Difference between revisions of "Annotation Association File Format"

Revision as of 21:21, 25 August 2011

Overview

Collaborating databases and projects provide the POC project a tab delimited file, known informally as a " association file". This file carries links between database objects and PO terms. The database object may represent one of gene, transcript, protein, protein_structure, complex, germplasm (stock/cultivar), mutant, QTL, etc. Columns in the file are described below.
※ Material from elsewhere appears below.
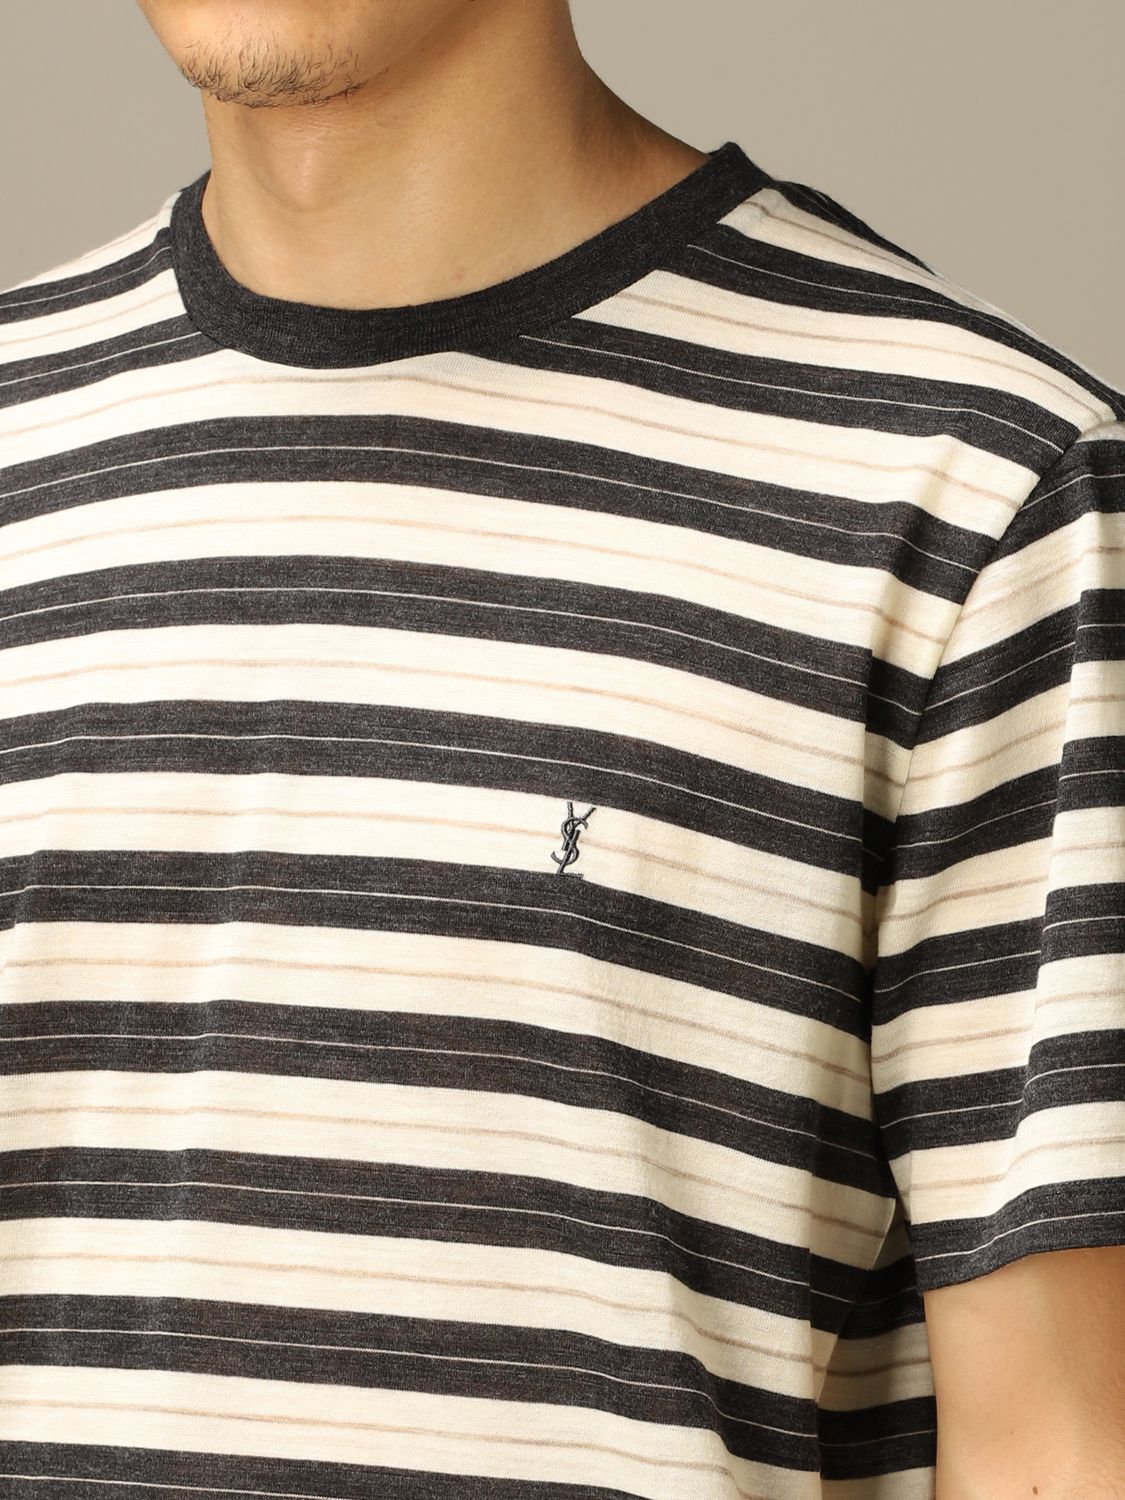 ysl striped shirt

Here is a sample file containing association from Gramene database.

File Name

po_aspect_objecttype_organism_organization.assoc

aspect: growth/anatomy/development.
objecttype: gene/mutant/germplasm/qtl etc.
organism: is always GENUS e.g. arabidopsis/oryza/zea.
organization: the isntitute/project which is contributing the association files.

For example:
po_anatomy_gene_arabidopsis_tair.assoc
po_growth_gene_arabidopsis_tair.assoc
po_anatomy_gene_oryza_gramene.assoc
po_growth_gene_oryza_gramene.assoc

File Format

The flat file format comprises 16 tab-delimited fields (see also a further example containing several annotations). Make sure the column order is strictly followed.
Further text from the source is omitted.